The practice of adding services for individuals would soon become commonplace for both Johnson and TenderLove. Over the years, TenderLove has added courses in small business skills, financial literacy, parenting, culinary arts and nutrition, motivational behavior therapy and health education. It has recently expanded into housing services as well, offering clients assistance with both rapid rehousing and a recovery home for those with addiction issues.
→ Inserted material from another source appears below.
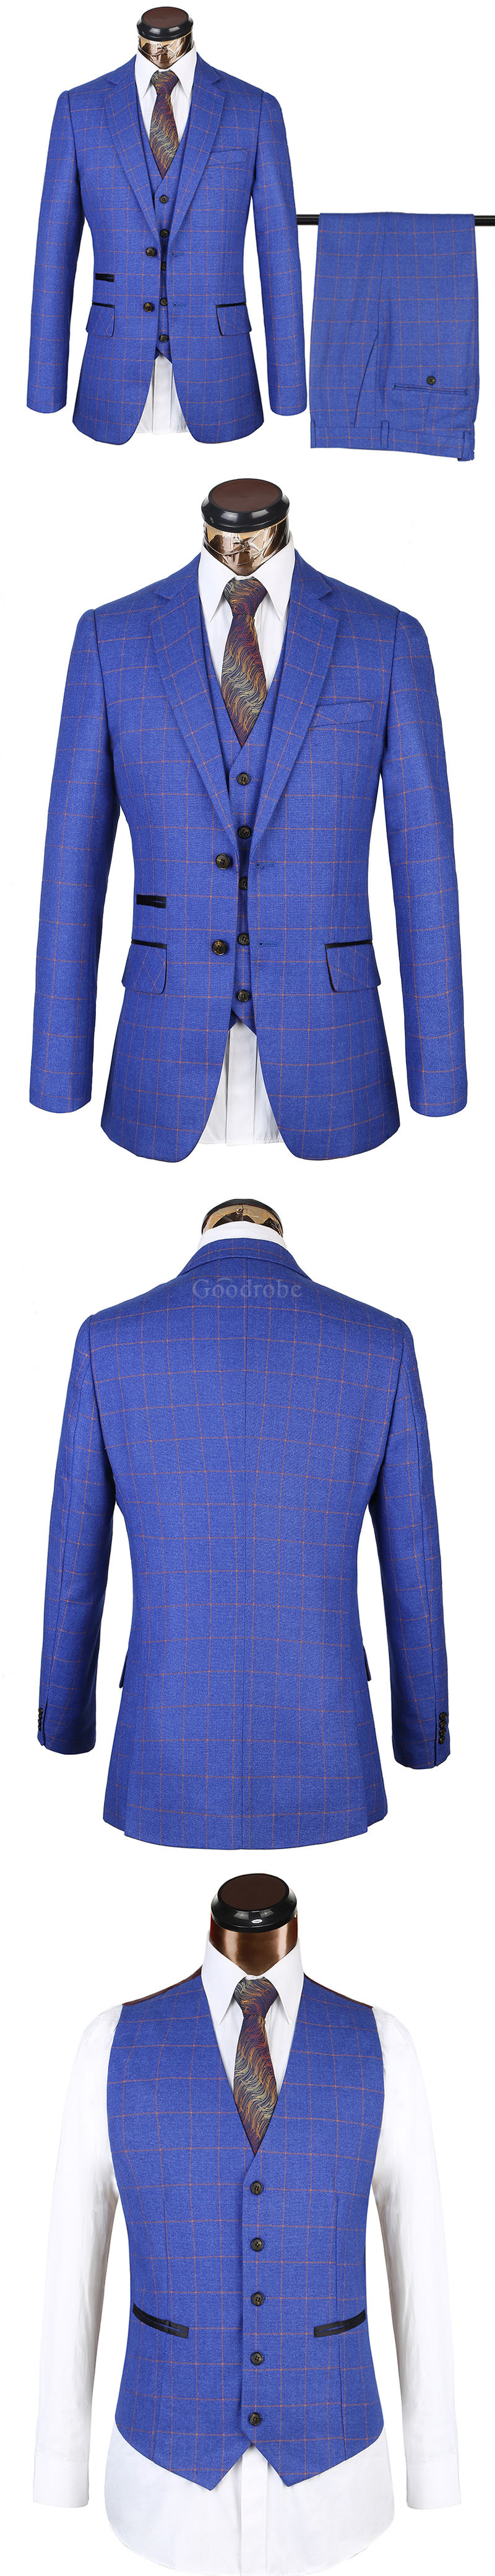 Costume d'affaires bleu mâle blazer plaid costume taille européenne

The center is able to fund these services through a mix of private donations and government funds and all services are offered free of charge.

‘I love this program’

Clients come to TenderLove from all walks of life. Some struggle with addition issues. Others are or have recently been incarcerated, and others are leaving a difficult home situation.

Crystal Barreras came to TenderLove in 2020. Unhoused and struggling with addiction issues, she felt like she had nowhere to turn.

“I was facing 18 years in prison, I didn’t have my children, pretty much blew all my bridges,” she said. “I got here and was faced with some hard truths.”

But Barreras said those hard truths soon turned into love and compassion. She began to set goals, learn money management skills and was able to get herself and her daughter out of homelessness.

“I love this program mostly because it’s like a home,” she said. “When you walk in here, we love you right away, that’s amazing.”

Barreras is now working at TenderLove as a senior case manager. Johnson said Barreras is an example of the kind of opportunity that is possible for the people who walk through their doors. “I don’t see homeless when they come,” Johnson said. “I see them as next mayor, next governor, I don’t look down because they are homeless.”

TenderLove’s programs are designed to change a client’s life for the better and encourage them to break the cycles of homelessness.

“We don’t do handouts,” she said. “We do hand up, and it is really helping.”